$\tan (n) > n$ for infinitely many positive integers

I heard the following problem is open:

$ \tan(n ) > n $ for infinitely many positive integers in radians.

Does anyone know if it is still open or if any progress has been made on this problem?

Solution 1:

Too long for a comment.

You are needing $n$ such that there is an integer $k$ with, roughly:

$$(2k+1)\pi- 2\epsilon_n < 2n < (2k+1)\pi$$ with $\epsilon_n =\arctan\frac{1}{n}$.

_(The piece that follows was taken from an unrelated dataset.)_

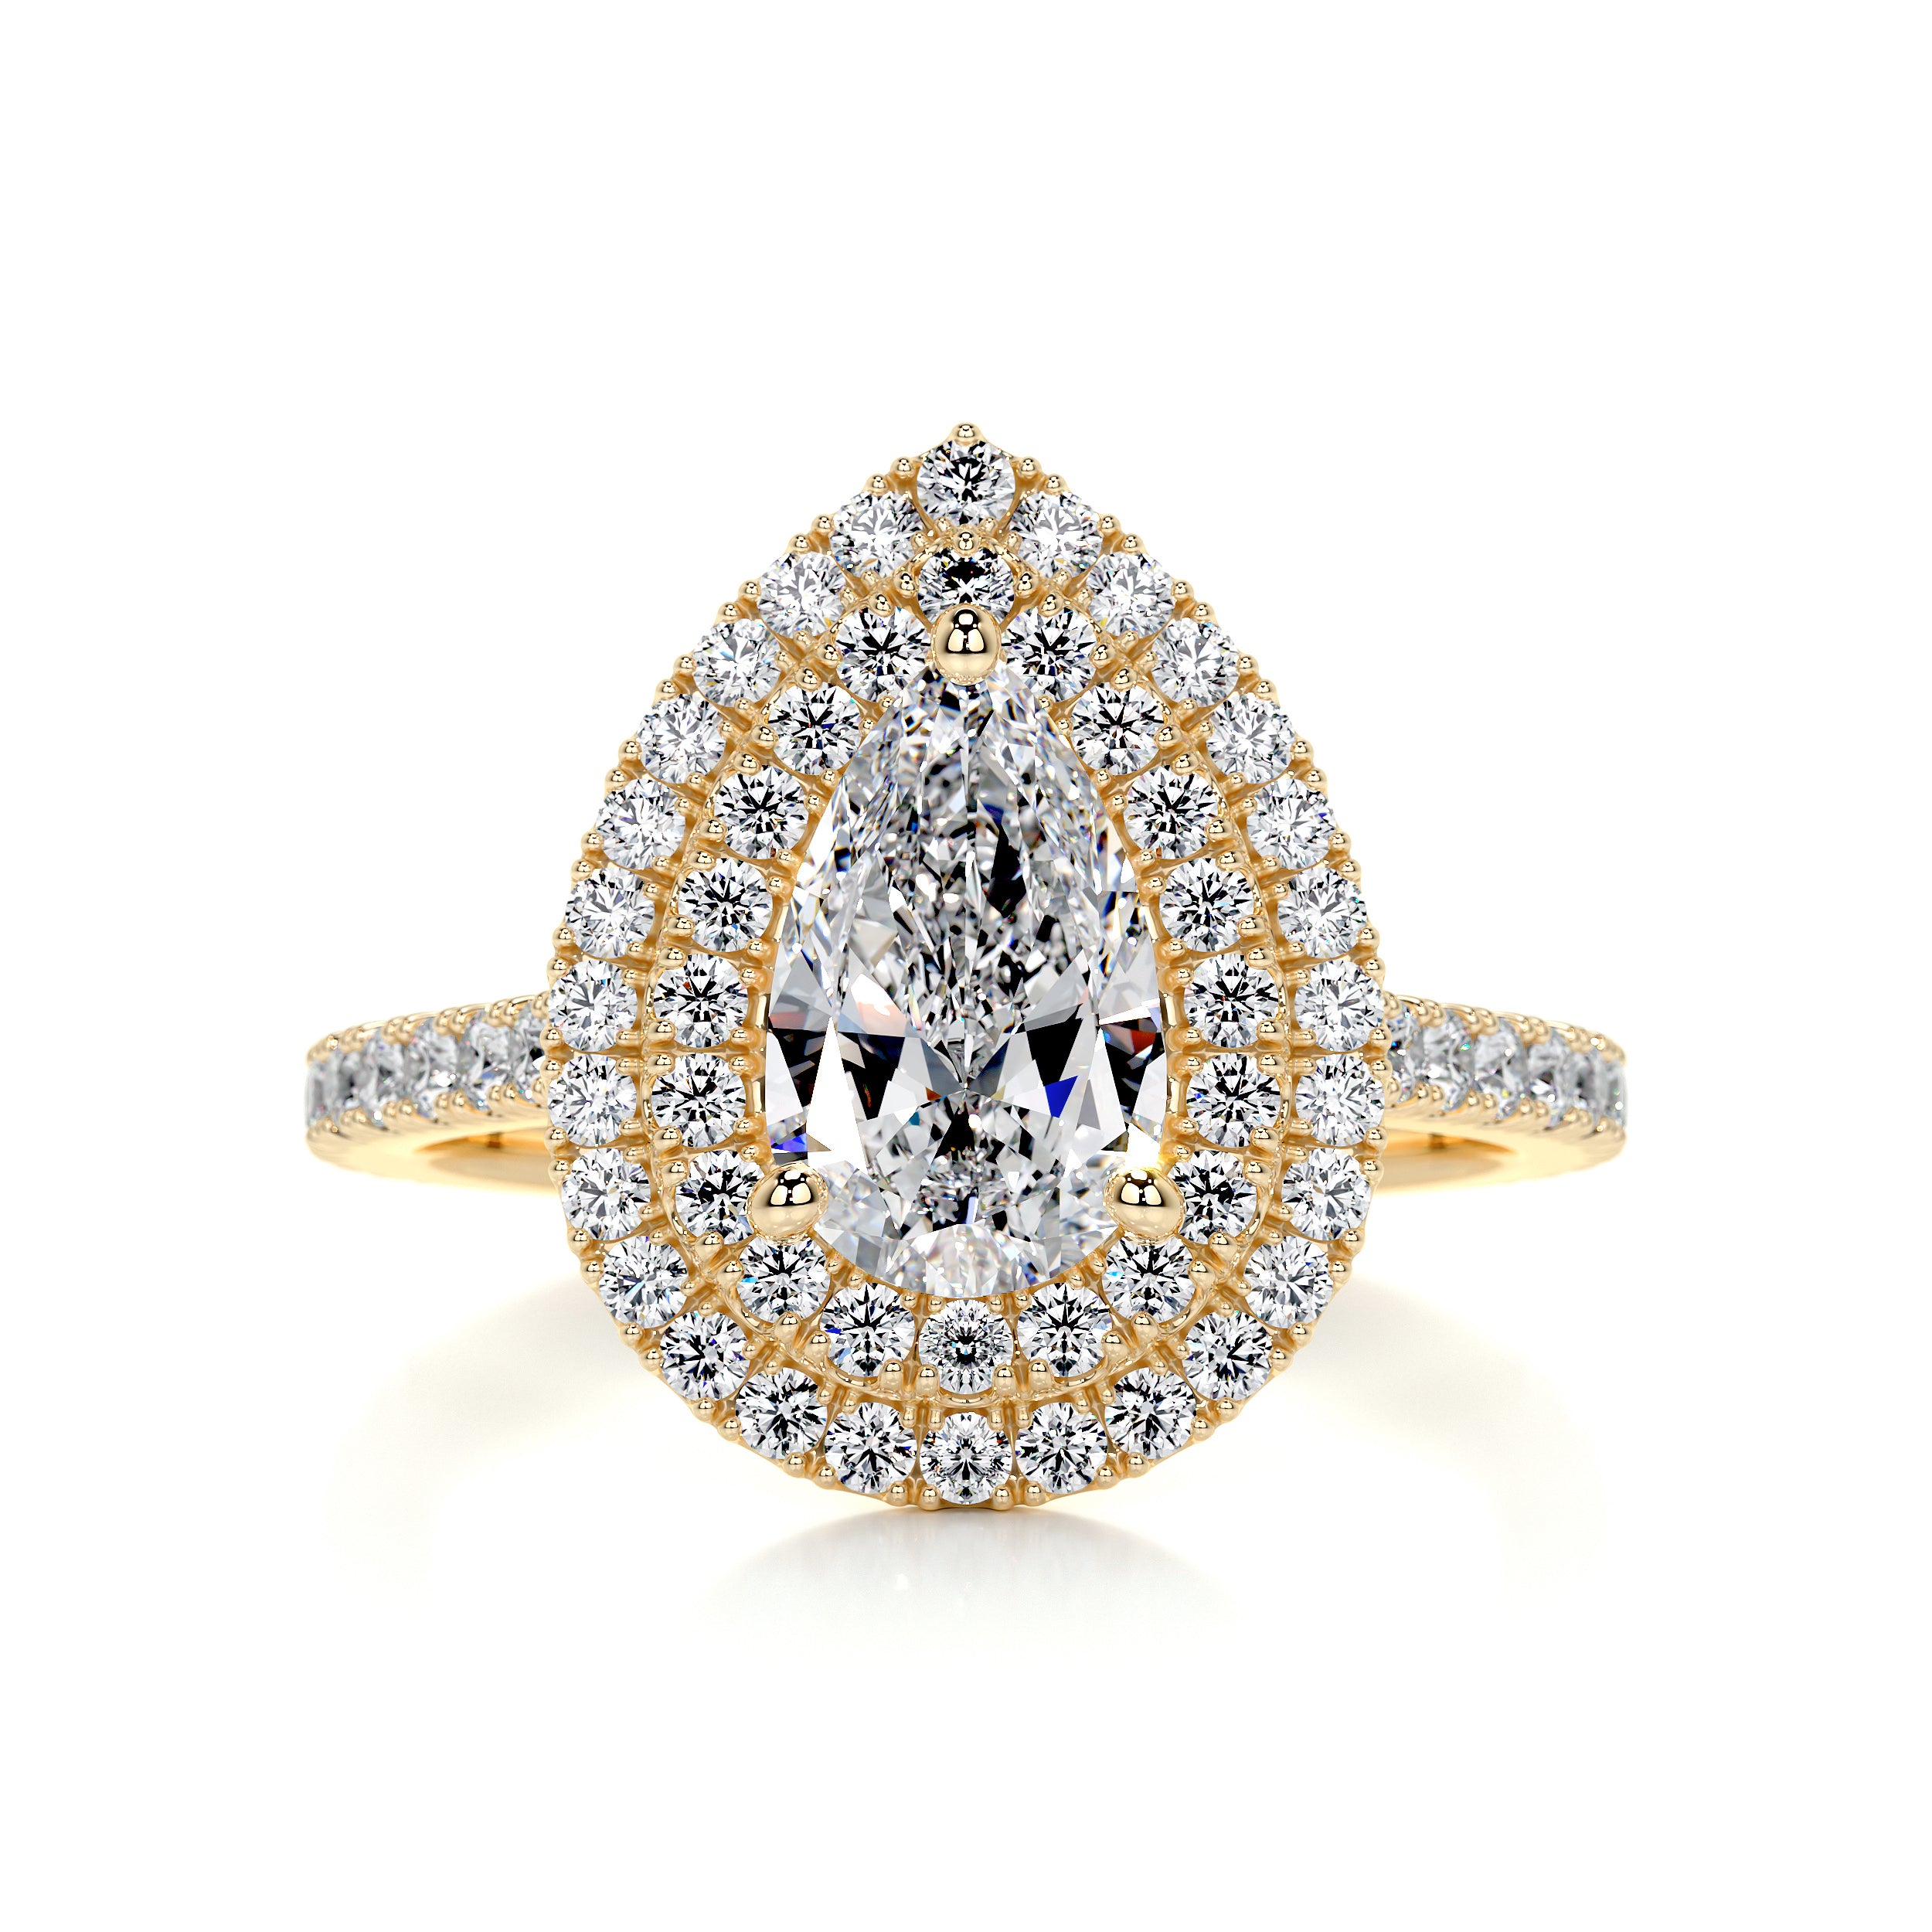 Gloria Diamond Engagement Ring   (1.65 Carat) -18K Yellow Gold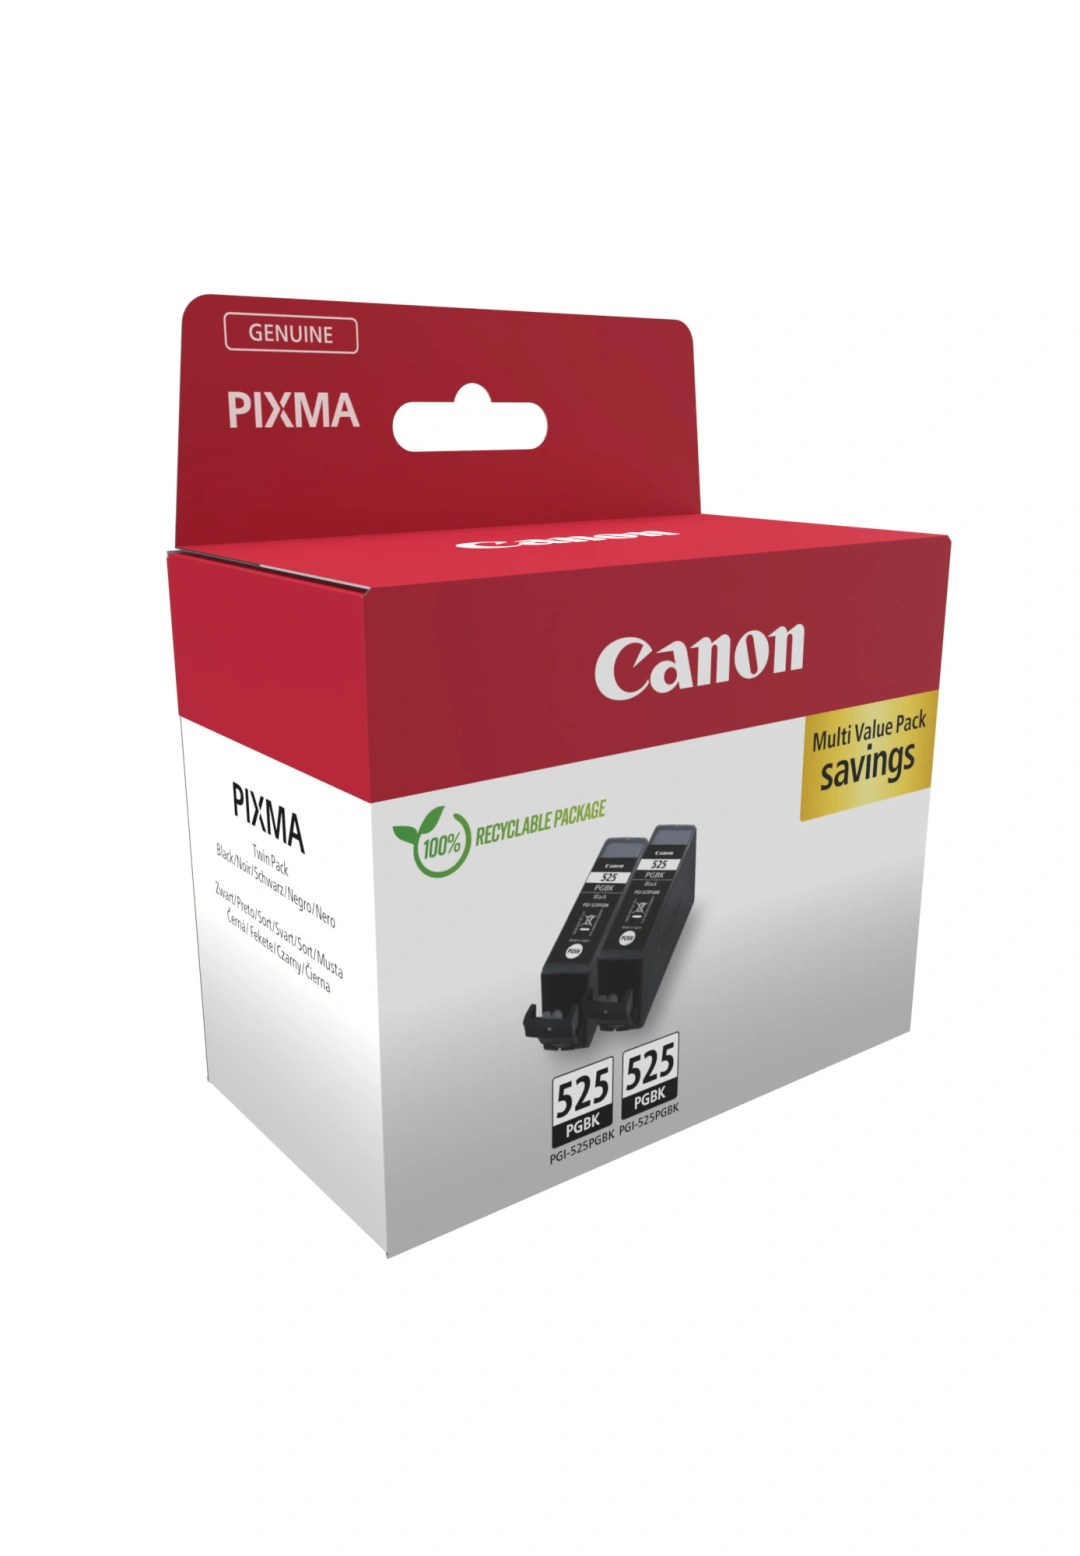 Canon cartridge PGI-525 PGBk/Twinpack/2x340str.

Dividing by $2(2k+1)$, that means we need a $n$ so that:

$$\frac{\pi}2 - \frac{\epsilon_n}{(2k+1)}<\frac{n}{2k+1} < \frac{\pi}2$$ So if we are seeking odd convergents in the continued fraction expansion for $\frac{\pi}{2}$ with an odd denominator, and the next coefficient is reasonably large. The first odd convergent with odd denominator is $\frac{1}{1}$. The next is $\frac{344}{219}$, giving $n=344$, but it's not quite good enough, since $\tan 344 = 227.5\dots$. (The next coefficient is $1$, so this is not entirely a surprise.)

Going to have to go further out to find $n$, which, for me, is going to require a much better approximation for $\pi$ to get the calculations to work.